Дни тоски, болезненной придирчивости к друзьям, болезненного миролюбия по отношению к своим врагам прошли, но Шлезвиг, Дания и война крепко засели в голове государя.

Два вечера ораторствовал появившийся Гольц в кабинете Петра Федоровича и, как умный человек, красноречиво, убедительно доказывал невозможность этой войны. Он доказывал, что, наверное, мысль эта подсказана государю его врагами, чтобы удалить его из Петербурга и из России, дабы за его отсутствием произвести бог весть что! Гольц привез даже два письма от своего короля, в которых Фридрих говорил о том, что он готов помогать Петру в деле Шлезвига, но считает всякую войну для русского императора на первых порах царствования пагубной и немыслимой. Король советовал прежде всего подумать о поездке в Москву и короновании. Принц Жорж тоже появился, получил обратно женину звезду, был обласкан, помирился с племянником и присоединился тотчас к послу. Но уж чего Гольц не мог сделать, то Жоржу и подавно было не по силам. Все они стали надеяться, что грезы пройдут, как прошла его придирчивость, но все ошиблись…

Мера за мерой, указ за указом доказывали, что намерение государя будет приведено в исполнение, и даже очень скоро, очень энергично и во что бы то ни стало!

Курьер государя тайно ото всех, даже тайно от канцлера империи, поскакал в Германию, в место расположения корпуса русских войск под командой Румянцева, и повез никому не известную депешу.

А между тем государь крайне любезно обращался с датским посланником Гакстгаузеном, и Датский двор не подозревал о той грозе, которая надвигается на страну со стороны России.

XI

Еще полного месяца не прошло после первого свидания «Ночи» и юноши в уборной дома Гольца, а безумный пыл страсти у своенравной кокетки прошел!
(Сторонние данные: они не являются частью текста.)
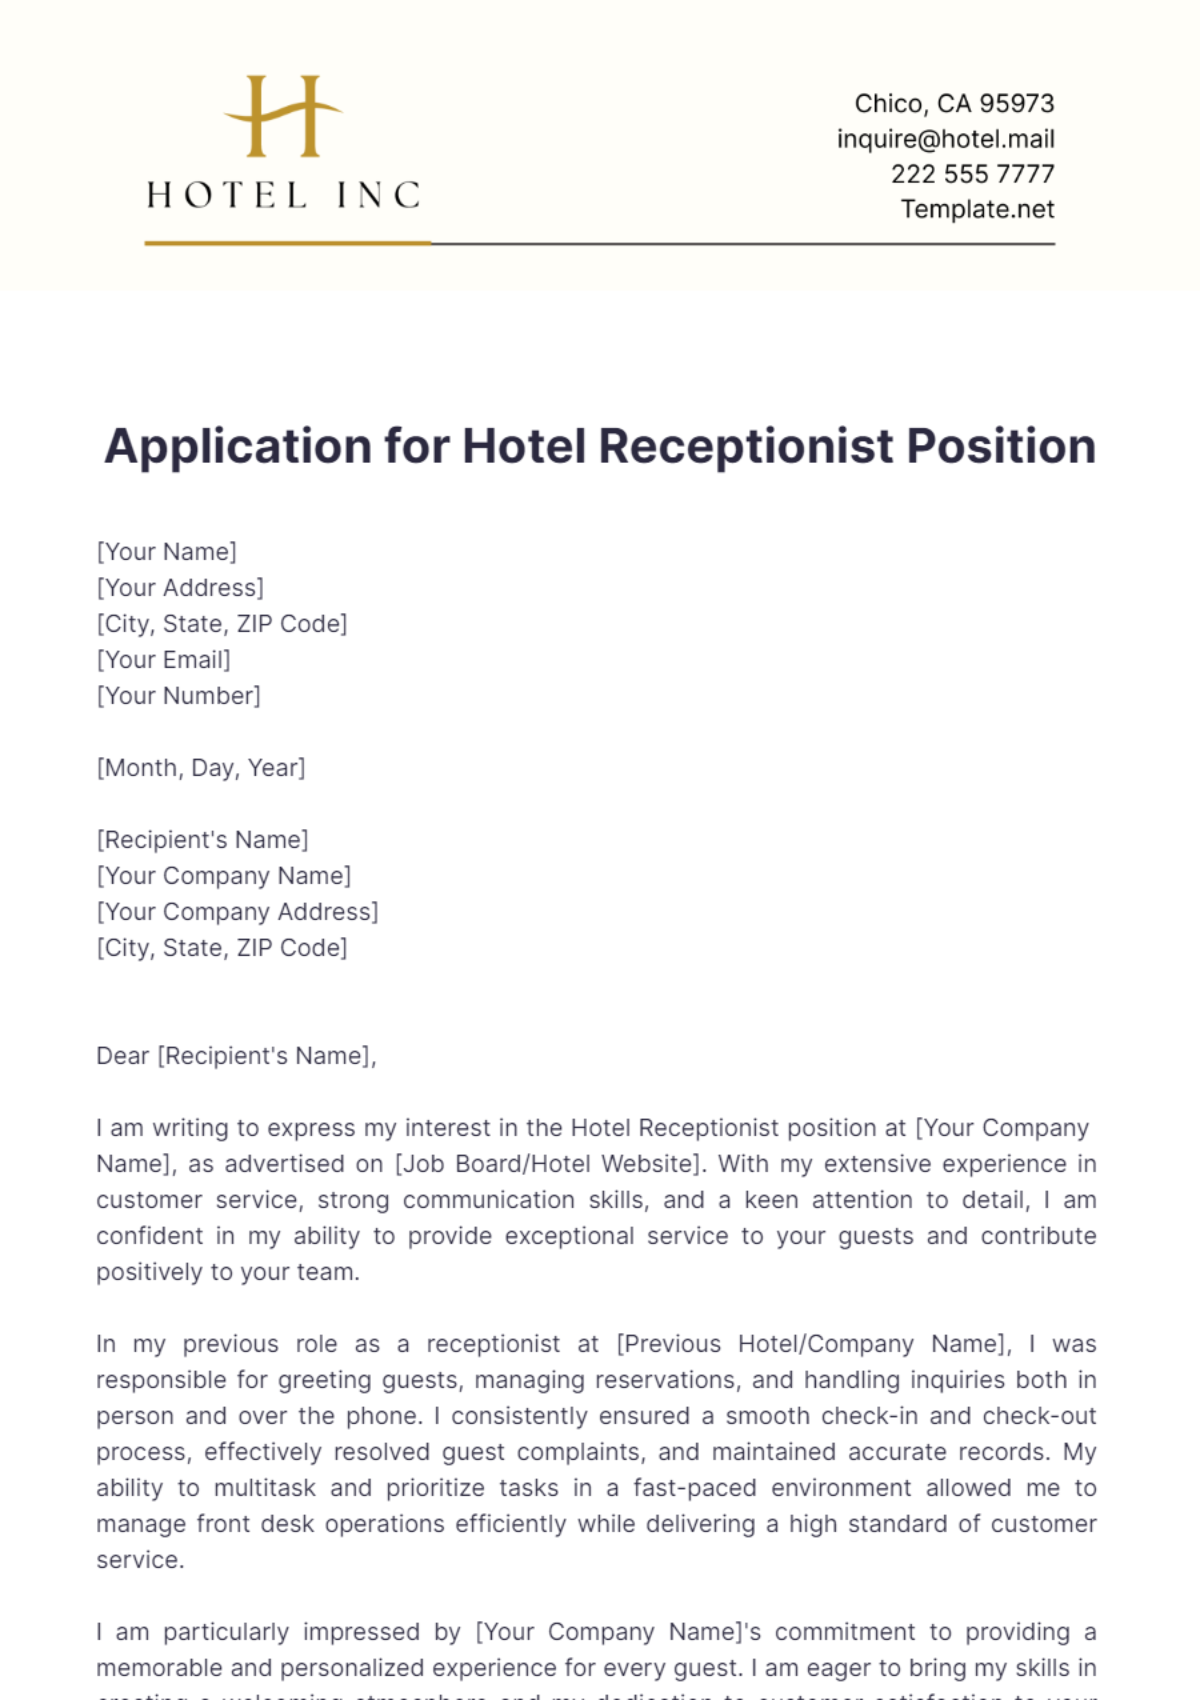 Hotel Receptionist Cover Letter Template

Быть может, влюбленный юноша был действительно невыносимо ревнив, но Маргарита уже начала раскаиваться в том роковом шаге, который связал ее существование с этим «львенком», как она его называла.

Вдобавок у влюбленного было особенное чутье. К Гольцу Шепелев не ревновал ее нисколько, хотя за последнее время посол и красавица видались ежедневно и постоянно о чем-то совещались, и иногда даже очень долго. Но всем поездкам Маргариты во дворец юноша мешал сколько мог. Он знал, как и многие в Петербурге, что государь становился с каждым днем все неравнодушнее к замечательной красавице. Воронцова уже, заметно для многих, отходила на второй план. А друг ее, Гудович, возненавидевший графиню Скабронскую и грубо обошедшийся с ней, тоже начинал пользоваться меньшим благорасположением государя.

– Ты совсем мужик! – заметил ему Петр Федорович. – С женщинами обращаться не умеешь! Тебя Гольц хотел на дуэль вызвать, и я его отговорил. – Но более этого государь ничего объяснить не захотел.

Насколько когда-то барон Гольц был занят мирным трактатом России с Пруссией, настолько теперь он был поглощен другим делом – расположить государя к умной и замечательно красивой женщине, конечно повиновавшейся ему слепо.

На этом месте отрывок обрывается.